#16NTC Session on Digital Inclusion Program Sustainability

Last week I led a session at the Nonprofit Technology Conference: “Digital Inclusion Program Sustainability: Documenting Lessons, Sharing Successes, and Transitioning Work.”  

This session was specifically crafted for the Nonprofit Technology Network’s (NTEN) Digital Inclusion Fellows. The Fellowship program was created by NTEN in partnership with Google Fiber and places emerging community leaders in city nonprofits doing digital inclusion work. According to NTEN’s website:

Since there’s no one solution to the digital divide, Fellows approach the problem with a super-local focus. They figure out what digital literacy needs their communities have and build unique classes, programs, and resources to address those needs. Fellows and organizations build sustainable, effective digital literacy programs that can act as the foundation for long-term digital inclusion efforts in their community.

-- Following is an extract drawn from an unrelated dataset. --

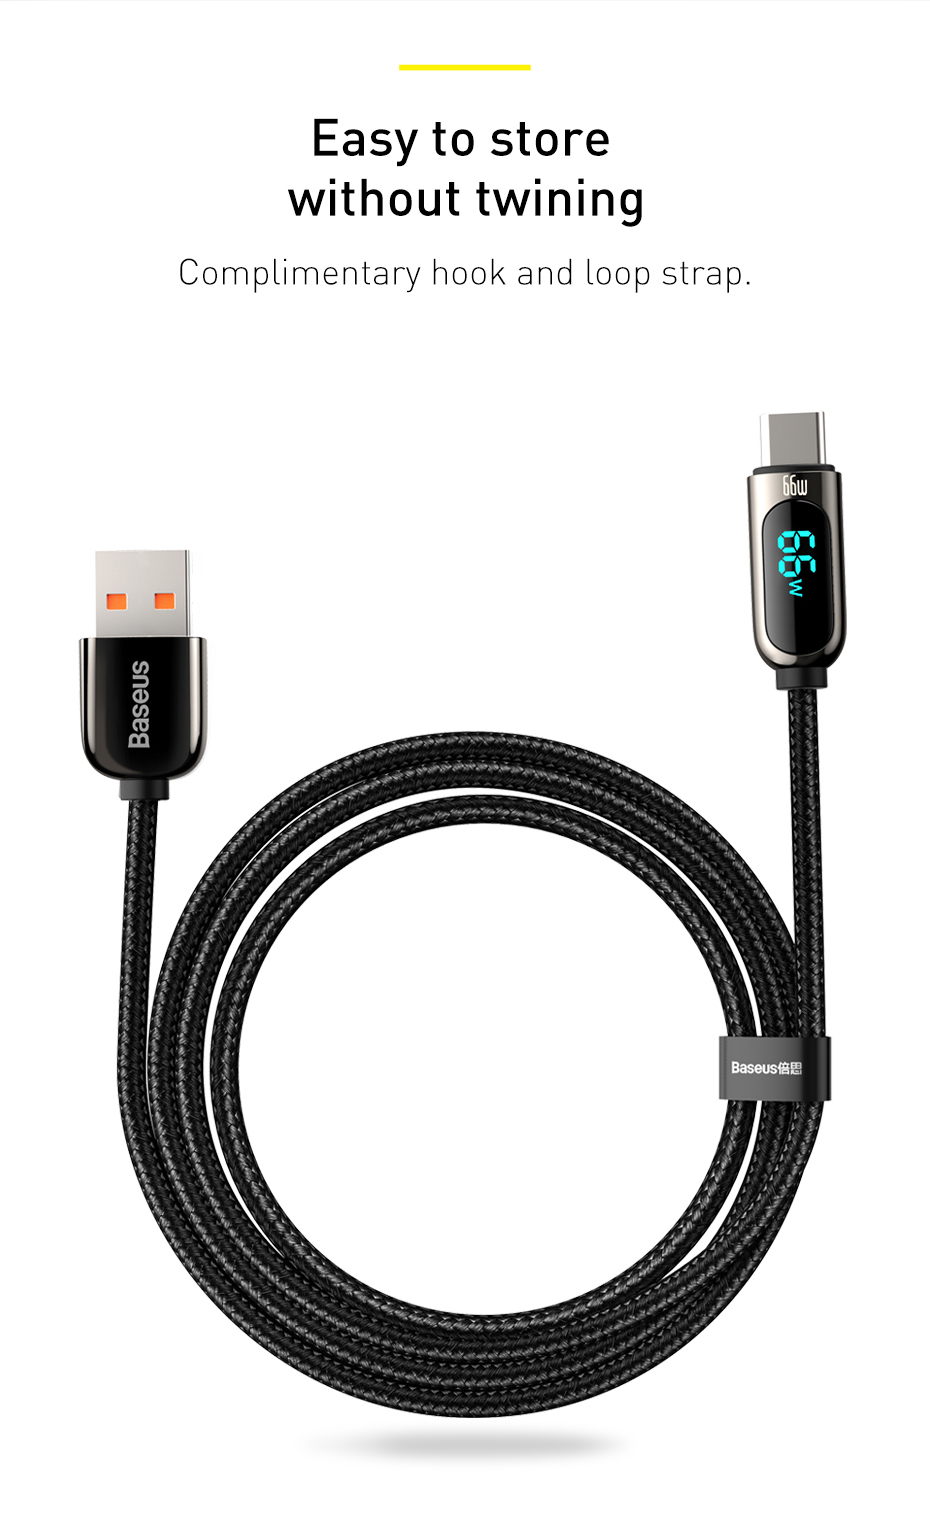 Baseus-66W-USB-to-USB-C-Digital-Display-Cable-Fast-Charging-Data-Transmission-Cord-Line-12m-long-For-1900290-12

I serve on the Digital Inclusion Fellowship Advisory Board and believe that inserting human capacity into the community technology level of our cities’ technology ecosystems is vital to equity. Also, as someone who began my career as a year-long AmeriCorps VISTA working on broadband adoption and access, I’ve benefited from carrying a community lens in technology work. This Fellowship program is a pipeline of driven people with that apply that same perspective to technology in their own cities. 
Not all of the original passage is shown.